IN THE FIJI COURT OF APPEAL

AT SUVA

ON APPEAL FROM THE HIGH COURT OF FIJI

CIVIL APPEAL NO. ABU0058 OF 1997S
(High Court Civil Action No. 311 of 1992/S)

BETWEEN:

:

RAM PRASAD
F/N RAM RATTAN
Appellant

AND:

THE ATTORNEY-GENERAL OF FIJI
Respondent

&

Coram: The Hon. Sir Sir Moti Tikaram, President
The Hon. Justice I.R. Thompson, Justice of Appeal
The Hon. Sir David Tompkins, Justice of Appeal

Hearing: Tuesday, 24 August 1999, Suva
Date of Judgment: Friday, 27 August 1999

Counsel: Mr. T. Bukarao for the Appellant
Mr. D. Singh for the Respondent

JUDGMENT OF THE COURT

The appellant, by proceedings commenced by writ of summons and statement of claim, brought an action for wrongful dismissal following the termination of his employment at the Ministry of Primary Industries. The statement of claim was subsequently amended. By agreement between counsel, the following questions were submitted for determination as preliminary points:

1. Whether the appellant being a civil servant at the time of dismissal ought to have pursued his claims by way of judicial review rather than by way of wrongful dismissal by ordinary action.
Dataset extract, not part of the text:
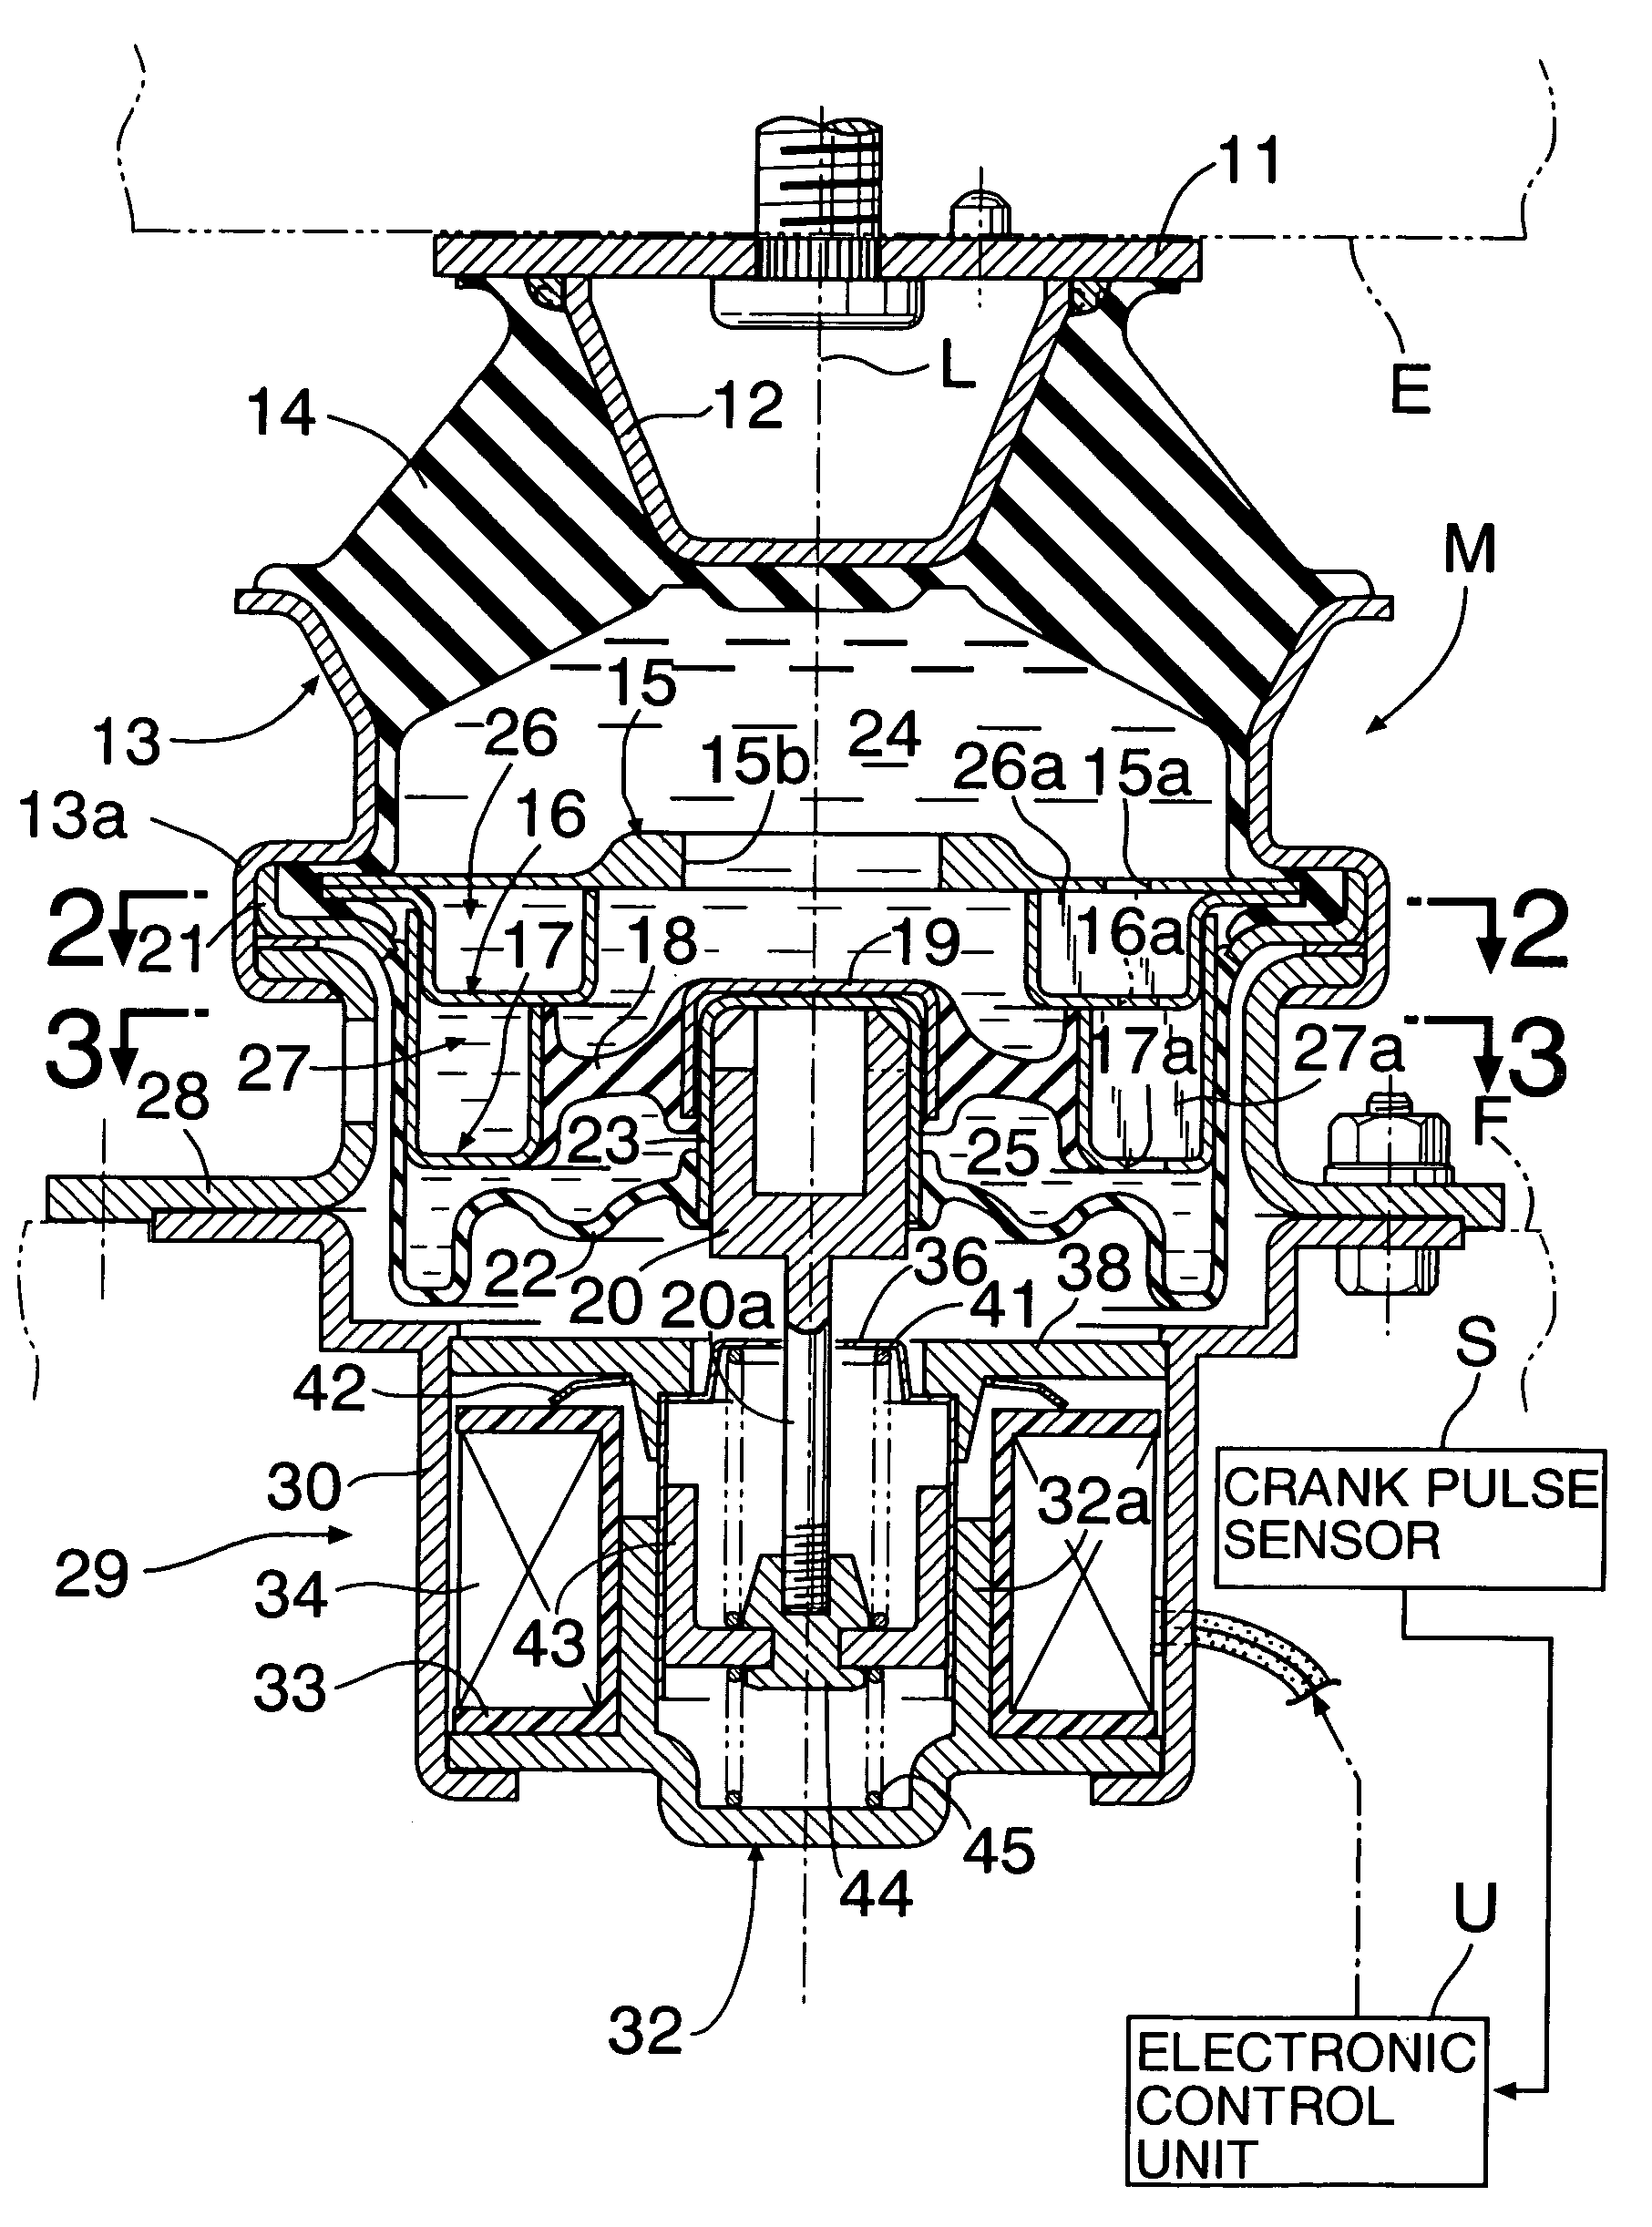 Anti-vibration support system for engine

2. Whether s.28 of the Employment Act cap. 92 applied in the instant action.

By a decision delivered on 12 September 1997 Pathik J. decided, in answer to the first question, that the appellant should have proceeded by way of judicial review and not by writ of summons, and in answer to the second question, that s.28 of the Employment Act does not apply to the appellant.

Having decided those issues, he declared that the appellant was not entitled to continue the proceedings or to seek the relief claimed otherwise than by an application for judicial review, if he is still able to do so under O.53 of the High Court Rules. As a consequence the writ of summons was dismissed as an abuse of the process of the court. From that decision the appellant has appealed.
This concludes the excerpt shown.